A specification for encryption should always contain: the algorithm used (AES for example), the key size (if you say AES256 then clearly it is 256 bits), the block mode (CBC, ECB etc). Many block modes (CBC for example) require an IV vector. ECB has a lower security than other block modes (see for example https://crypto.stackexchange.com/questions/225/should-i-use-ecb-or-cbc-encryption-mode-for-my-block-cipher). If the IV is necessary, then the specification must contain it (or explain how it should be generated). The specification must contain the padding that should be used. The Padding.None should be used only if the data to be encrypted can be exactly subdivided in encryption blocks (so for example, with AES, PaddingMode.None is good only if the data is 16, 32, 64, 96, ... bytes). PaddingMode.Zeros is good only for text (and I wouldn't use it, because it will add '\0' at the end of the text). The other padding modes are good.

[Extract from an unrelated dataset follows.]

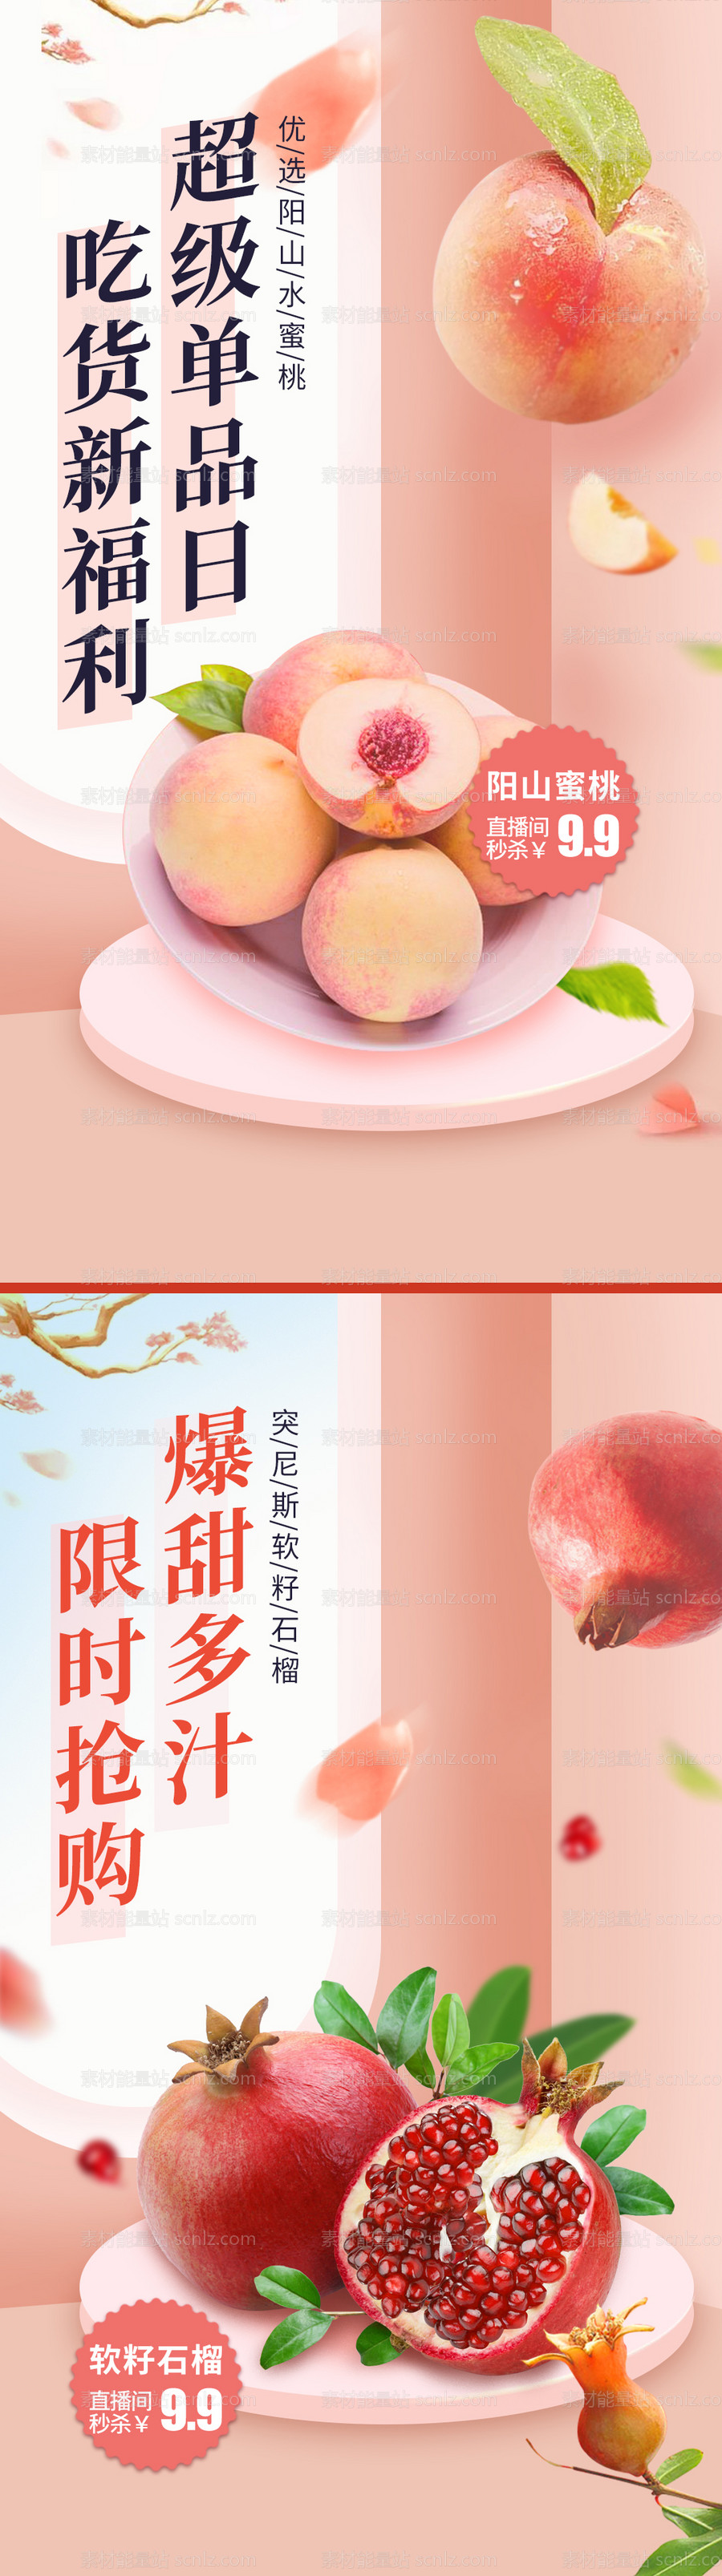 素材能量站-水果直播海报
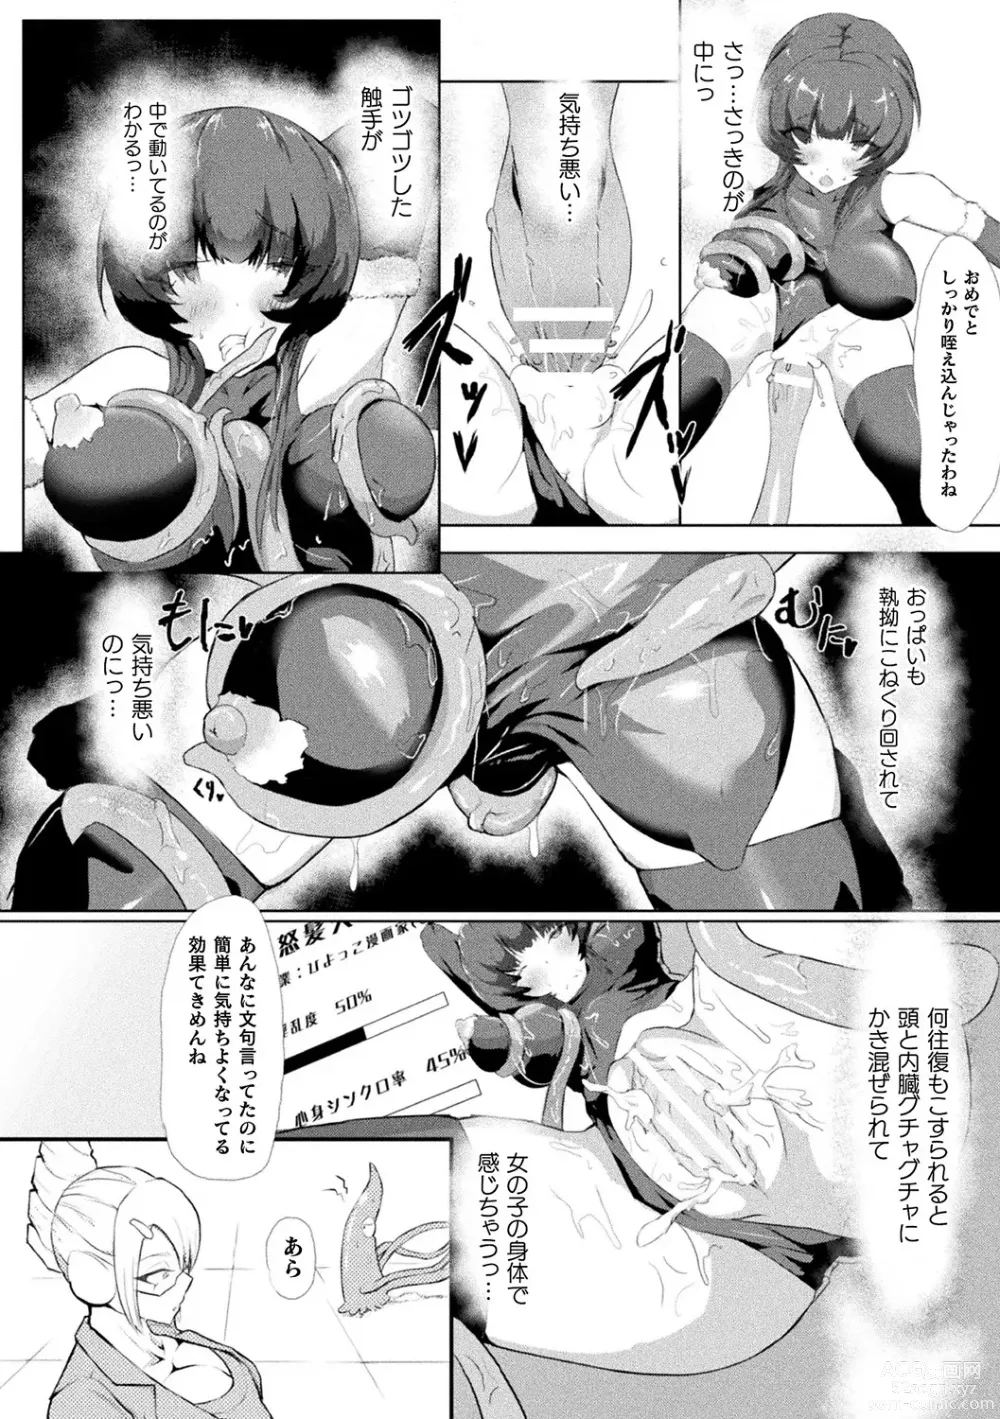 Page 94 of manga Bessatsu Comic Unreal AI ni Wakaraserareru Jinrui Hen Vol. 2

Often the key isn't used "as is", because for example it is a string. The specification should contain how the encryption key must be derived from the string key. SHA256 on the key is a weak solution. Normally a good solution is using a strong key derivation function, like Rfc2898DeriveBytes. If this function is used, the specification must contain the number of iteration and other informations about using Rfc2898DeriveBytes or similar functions. Clearly what encoding should be used for the key (and for the data to be encrypted, if it is a text) must be included (UTF8 is always a good idea).
I'll add that a good specification should contain some test cases. At least one test case should be of length smaller than the encryption block and at least one test case must be of length greater than the encryption block but smaller than two encryption blocks (or > 2 and < 3... some complete blocks and one non-complete block). In this way you are testing both the PaddingMode and the CipherMode (note the should/must: by testing something bigger than an encryption block plus an incomplete block you are already testing everything)
when i am passing normal alphabet to my encrypt and decrypt function then it is working as expected but when i am passing alphanumeric text to encrypt and decrypt function then it is not working.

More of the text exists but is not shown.